Blue cranes at Salford Quays
Image caption The cranes will cost in the region of £100,000 to demolish

A pair of canal cranes will be demolished because Salford City Council "hasn't got the money to save them".

The cranes on Salford Quays, which have fallen into disrepair since being decommissioned, would be too expensive to save and had to demolished "because of safety fears", a spokesman said.

Mayor Ian Stewart said it would be "wrong to spend £1m on preserving two rusting and dangerous cranes".

The cranes were erected in 1966 and decommissioned in 1988.

The council spokesman said "large pieces of rusted metalwork have already fallen onto the pedestrian footpath below, close to the nearby Metrolink track".

'Rusting and dangerous'

He said that though the bases were fenced off, there would be "further safety fears if the deteriorating cranes are not dismantled and removed permanently".

He added the council had been "working for months to try and find external funding to preserve the cranes but has been unsuccessful".

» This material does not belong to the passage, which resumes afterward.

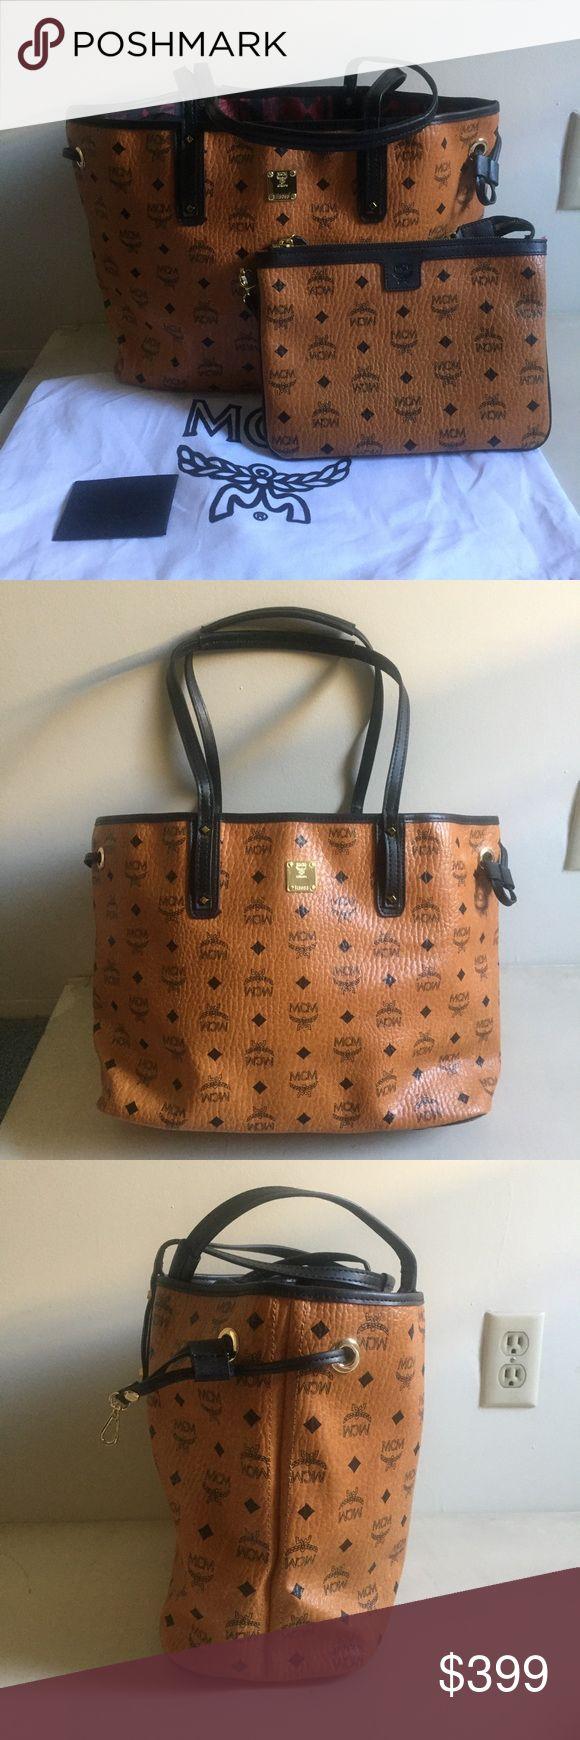 MCM Handbag Tote Brown Purse Never used, 100% authentic MCM reversible tote. MCM Bags Totes

Work to dismantle the cranes, which will cost in the region of £100,000, will begin in early 2013 and will coincide with Metrolink maintenance work "to avoid unnecessary obstruction and delays".

Mr Stewart said the cranes were "a reminder of the dock workers who built our city... but the current economic climate means we just haven't got the money to save them".

"It would be wrong to spend £1m on preserving two rusting and dangerous cranes, when the people of Salford are struggling to make ends meet," he said.

He added that the council was "working with our partners to try and ensure that at least some part of this symbol of Salford's past can be preserved in the future".